4. You Should Pay More Attention to the Flight Attendant
When you hear the announcement from the flight attendant to put up your tray tables, or you hear the signal that the lights are about to be dimmed, pay special attention. The cabin lights are dimmed so that your eyes will be accustomed to the dark in case you need to escape from the plane. The tray tables need to be upright so that the people next to you can get off the plane quickly if necessary. It’s also best to open your window shade, so that if the plane crashes, the firefighters can easily see inside the plane and start their rescue mission.

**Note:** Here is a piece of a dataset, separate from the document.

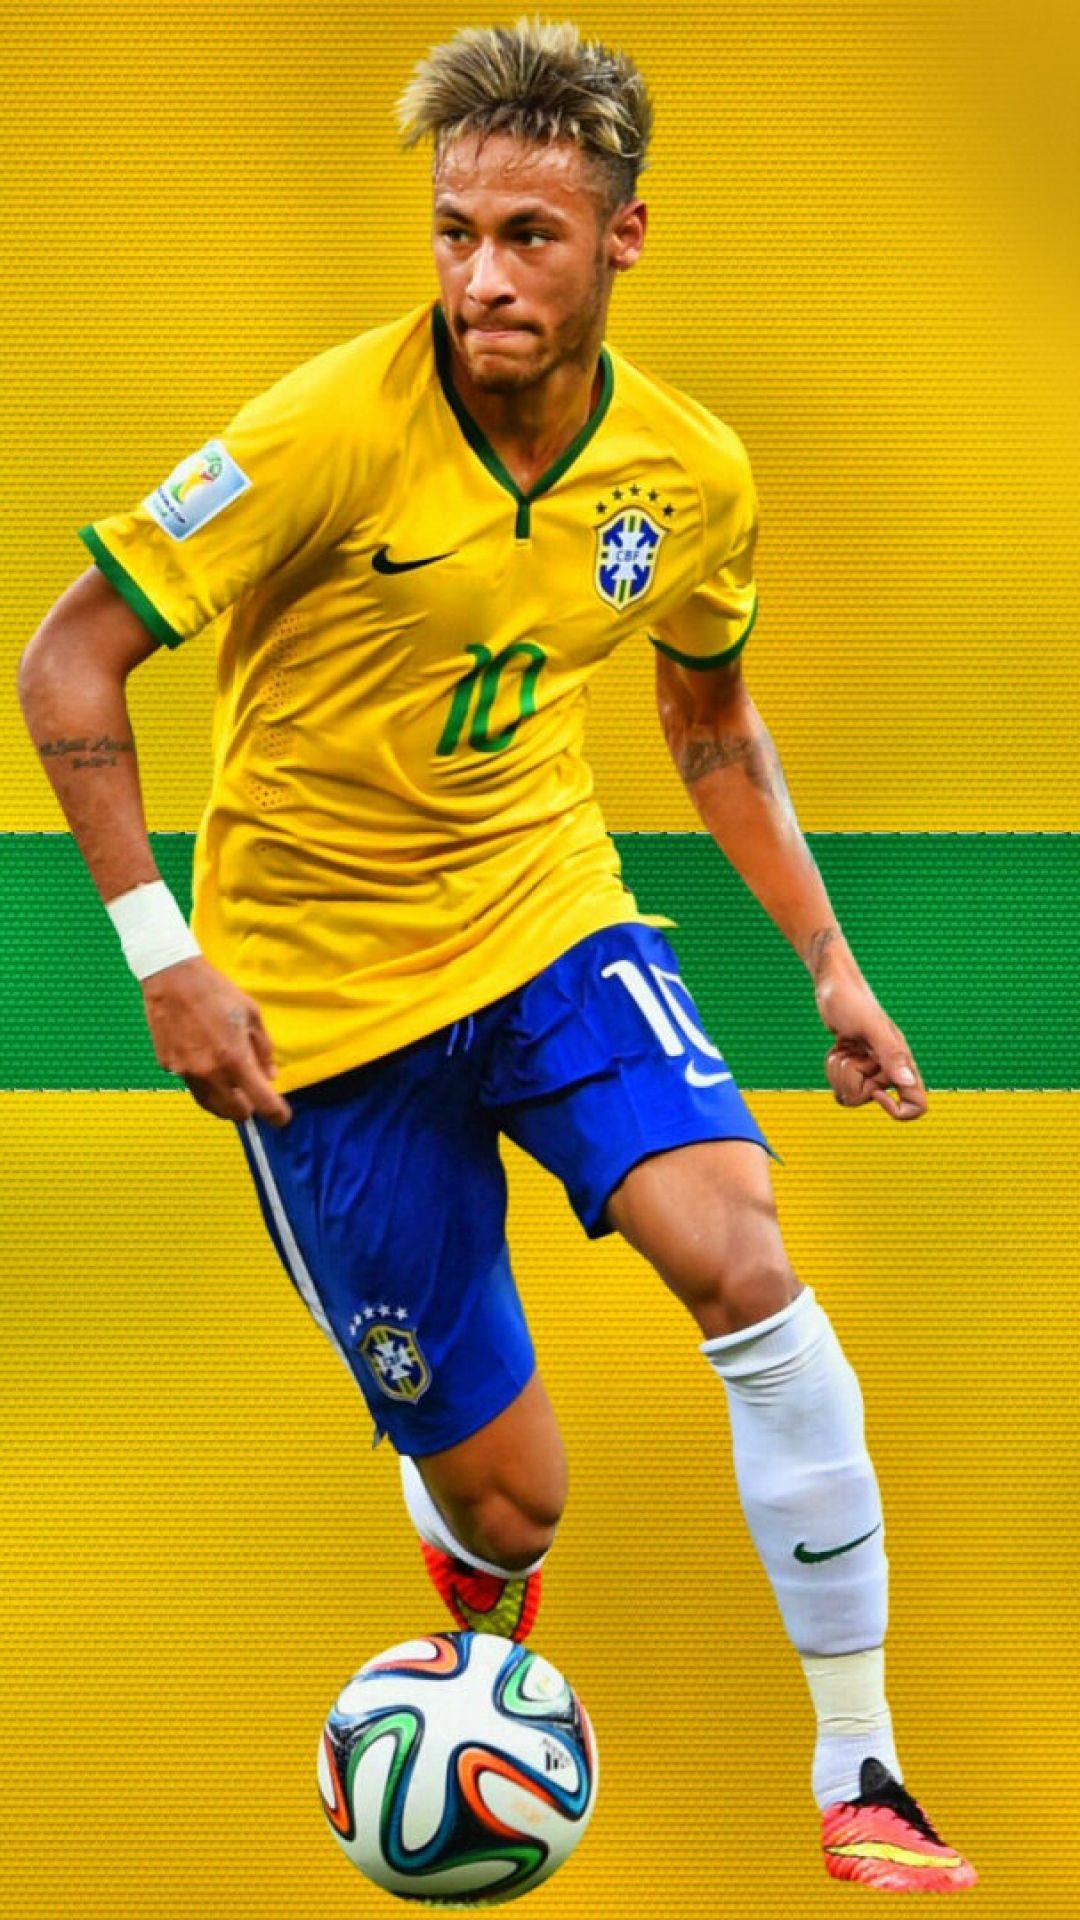 Neymar Jr HD iPhone Wallpapers - Wallpaper Cave

3. The Fuel Levels Are Usually Low
The fuel levels on a plane are usually pretty low. This saves the airlines a lot of money. However, it also means that if the weather is bad or there’s a delay in the flight for any reason, the plane will likely have to make an emergency landing. That’s code for “the plane is running out of gas.” Carrying lots of gas on the plane makes the aircraft heavier, and isn’t always the best choice money-wise. But, it’s pretty daunting to tell passengers that the plane’s gas tank is near empty, so the pilot usually says something like “we have to make an emergency landing for aircraft maintenance.”
2. Pilots Aren’t Allowed to Eat Together
There are several airlines that don’t allow pilots who are flying together to eat their meals at the same time. In fact, the pilots have to eat at least an hour after or before one another, or they have to eat at two different restaurants. This is to ensure that if one pilot gets sick or is poisoned, there will still be a pilot to operate the aircraft. This is often seen as a safety precaution, but there’s no doubt that it can give passengers pause as well. Why would anyone want to poison the pilot? Do people have a negative view of pilots for some reason? Do people generally want to poison pilots and sabotage flights? And if so, why? Airlines don’t want you asking these questions, so they don’t really share the pilot eating rule with passengers.
1. Never Accept the First Voucher
When you’re offered a flight voucher, never accept the first one. The airlines will typically keep upping the value of the voucher until there are enough passengers who are willing to give up their seats. If the airline has to bump you to another flight and you didn’t agree to it, you can insist on getting a cash voucher. A number of airlines will even write you a check while you’re at the airport. Depending on how long your flight is delayed, or how much your original ticket costs, you could get up to $1,300 in vouchers, according to the U.S. Department of Transportation.